The challenge of computational costs can be mitigated through the strategic use of various techniques. One notable approach is the use of parallel programming methods. By breaking down complex computations into smaller tasks that can be executed simultaneously, parallel programming makes more efficient use of the processing power of modern devices. This leads to an acceleration of model training and a reduction in computation time, effectively reducing the burden on computing resources. Incorporating parallel programming techniques into the proposed PolyFLAM and PolyFLAP frameworks has the potential to significantly reduce computational costs while improving system scalability and responsiveness.

5.2.3. Enhancing Scalability

The prospect of improving scalability is linked to effectively solving the problems of heterogeneity and computational cost. As these challenges are addressed through approaches such as resource allocation and parallel programming, a symbiotic relationship emerges. By addressing device and data heterogeneity, the system is enabled to serve a variety of clients. At the same time, reducing computational costs through techniques such as parallel programming ensures that the system remains responsive as the number of participants grows. This convergence of solutions paves the way for a more scalable federated learning system capable of accommodating significant numbers of clients while maintaining performance and efficiency. The interplay of these strategies has the potential to create a robust and adaptable ecosystem that meets real-world needs. In addition, the concept of third-party vendors can be incorporated into the framework to move some tasks outside the server, such as key generation or encryption, and keep network management and aggregation under the control of the central server.

5.2.4. Boosting Learning Quality

The quality of learning results can be improved by using different techniques for data preprocessing on the client side. As data are prepared prior to training, strategic preprocessing steps can be incorporated to improve the quality of the input data. Techniques such as feature scaling, outlier removal, and data augmentation can be applied to improve the quality and relevance of the data. By ensuring that the data fed into the training process are well prepared and free of noise or irregularities, the overall learning quality can be greatly enhanced. The integration of these preprocessing techniques into the proposed PolyFLAM and PolyFLAP frameworks may have the potential to fine tune the learning process in addition to their improved safety function, leading to improved model convergence and overall performance.

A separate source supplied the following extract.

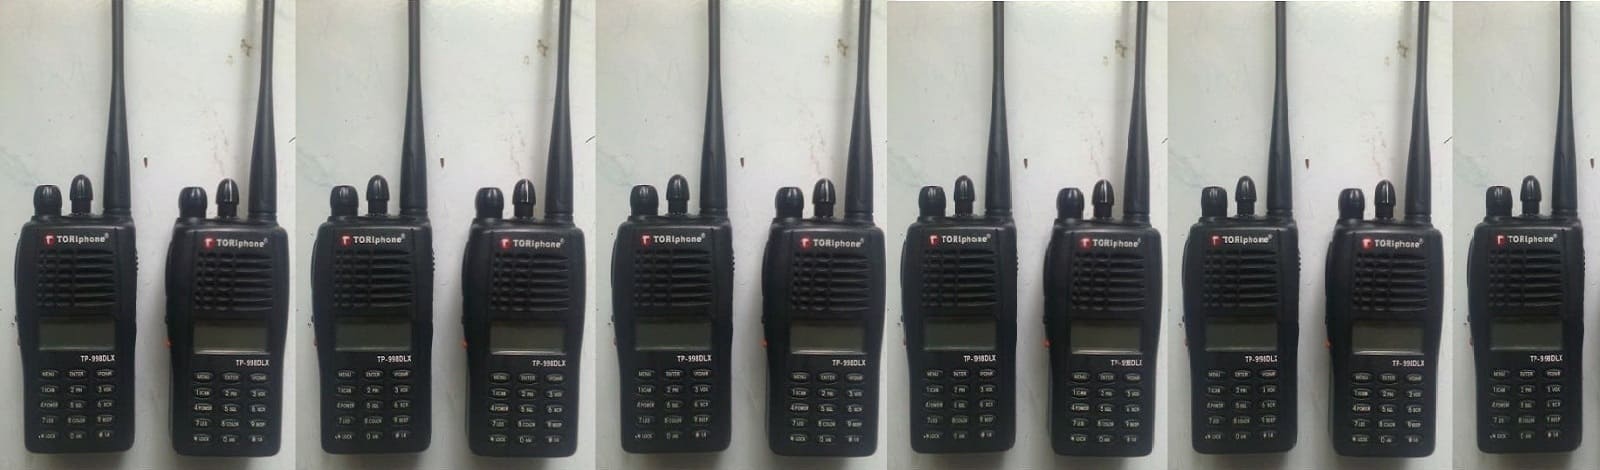 HT Toriphone TP 98 DLX | Sewa HT Bojongsari Baru, Depok, Jawa Barat | Rental Handy Talky Depok Murah

5.2.5. Integrating Blockchain for Enhanced Security

Integrating PolyFLAM and PolyFLAP with blockchain technology offers significant enhancements in security, transparency, and efficiency for federated learning systems. Blockchain’s decentralized and immutable ledger can bolster security by ensuring the integrity of model updates and encryption key exchanges, while smart contracts can automate and enforce security protocols, reducing human error. Additionally, tokenization can create incentive mechanisms to encourage participation, and decentralized data management aligns with federated learning’s goals, improving data privacy and efficiency. Blockchain also provides a transparent record of model provenance, enhancing auditing and reusability, and strengthens resistance to Sybil attacks by verifying participant identities. Overall, this integration promises a more secure, scalable, and robust federated learning framework.

6. Conclusions

The PolyFLAM and PolyFLAP frameworks use polymorphic encryption to enhance the security of message exchanges between servers and clients in a federated learning context. The security guarantees arise from the diversity of encryption keys, with each server–client message encrypted with a different key. Therefore, in the event of key compromise, there is minimal risk as key reuse within the FL cycle is virtually eliminated. However, there is a trade-off between the communication traffic across the network and the computational costs on the server or client. PolyFLAM and PolyFLAP aim to maneuver between these performance parameters, balancing security with efficiency. While they prioritize security, they incur additional computational and communication costs due to the computationally intensive encryption operations. To address these challenges, they can synergize with established methods to parallelize computation, increase learning efficiency, account for heterogeneity, and improve scalability, thereby enhancing their overall usability and feasibility.

Author Contributions

Conceptualization: M.M. and M.A.; formal analysis: M.M.; investigation: M.M.; methodology: M.M. and M.A.; supervision: M.A., A.B., H.I. and A.R.; visualization: M.M.; writing—original draft: M.M.; writing—review and editing: M.A., A.B., H.I. and A.R. All authors have read and agreed to the published version of the manuscript.

Funding

This research was funded by the Natural Sciences and Engineering Research Council of Canada (NSERC), grant number 06351.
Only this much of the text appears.